Saturday, April 2, 2011

Slope stabilization and barn columns - Check!

On Sunday, 3/27, we finished the slope stabilization/erosion blanket project. Turns out that we had only gotten about 1/3 of it done on the first day. At first we were laughing and joking about the project but by 2:30 or 3:00 we were exhausted. Bill is in incredible shape and can climb up and down hills in mud all day long - he is going to be a great farmer!






It will be interesting to see how this turns out. This was a lot of work, effort and expense - so we are hopeful that we can stablize the slope AND get ahead of the invasives. We're going to have to learn how to do a burn because there is no way we can mow this area. Additionally, Bill finished the columns in the barn and has started cabling it together. Using wire rope and come-alongs he is pulling the areas with broken columns back together. I wasn't there when he was doing it (was working at the church/house) but he said it was creaking and groaning. I think I am glad I wasn't there!

One of the new concrete footings



We are in the upper part of the barn and sliding the beam down thru a hole in the floor to rest on the footing down in the lower barn.
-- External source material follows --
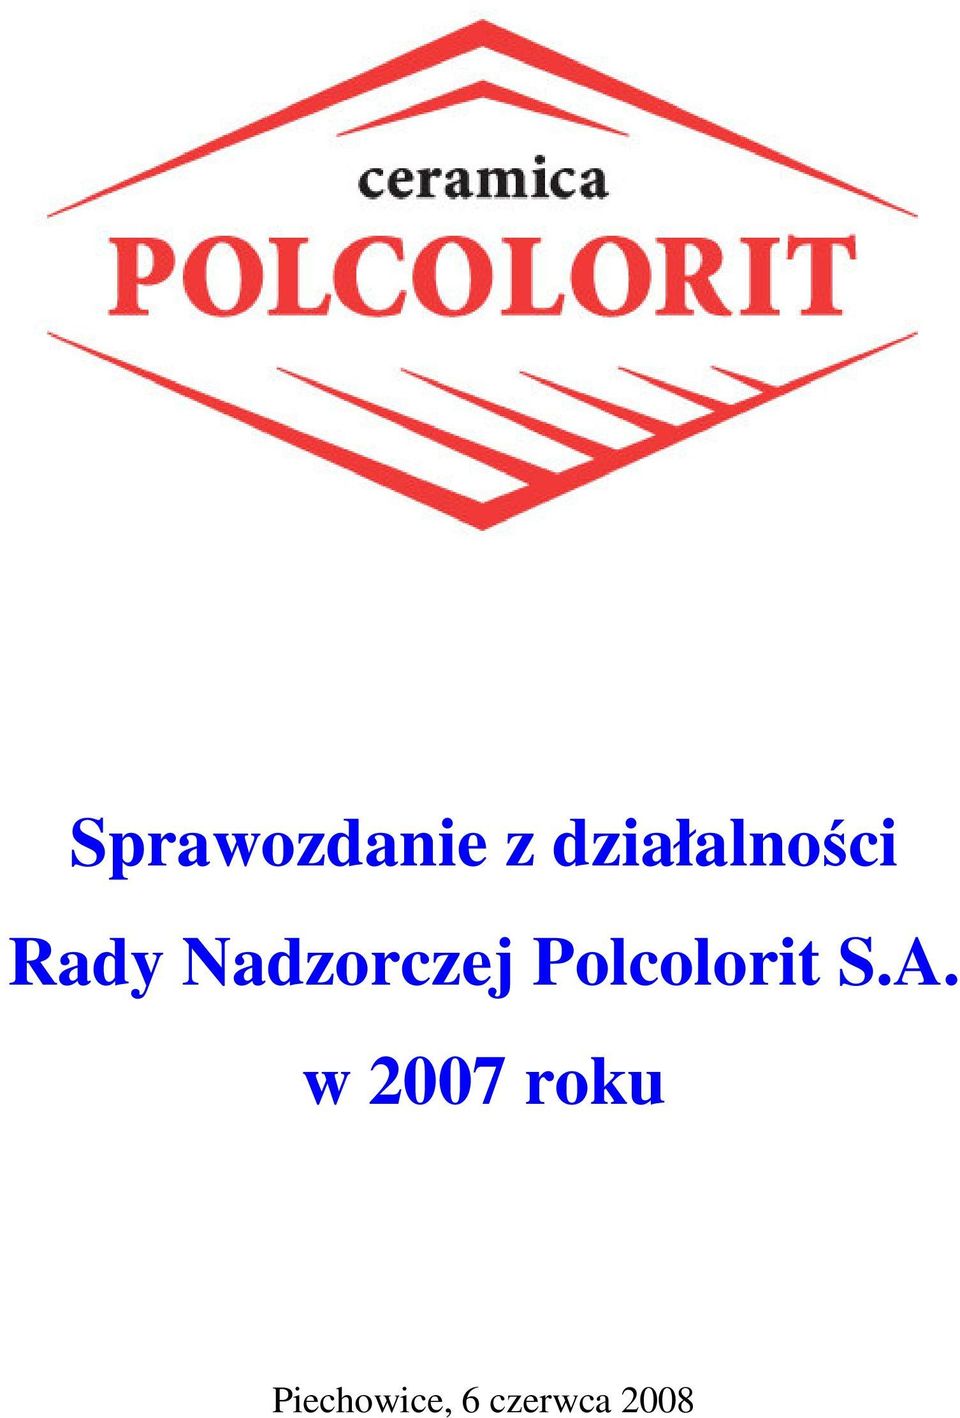 Nadzorczej Polcolorit S.

This is all the siding from the summer kitchen that I took down a couple of years ago


Most of the beams that you can see in this photo are new

(Great light coming thru the slats!)



Bill is standing on the scaffolding and chain sawing through one of the old oak timbers to install the new beams


Photo of the beam resting on the new footing

3 comments:

Hot Belly Mama said...

Impressive! I am going to show my husband this as soon as he wakes up. We have an old garage that is falling apart (but has good foundation) about 30 feet away from our stone cottage. This would be a great project for us to do in attaching the two buildings using your photo as an idea.

It's looking wonderful!

angie said...

Hi SCM,

Keep me posted on how it goes. Good luck!

Jenna Gayle said...

When we burn our fields off we have a big sprayer on the back of the golf cart to zip around and catch all the stray lines of fire. If we didn't have this we'd be seriously screwed!! That is my 2 cents of advice! :)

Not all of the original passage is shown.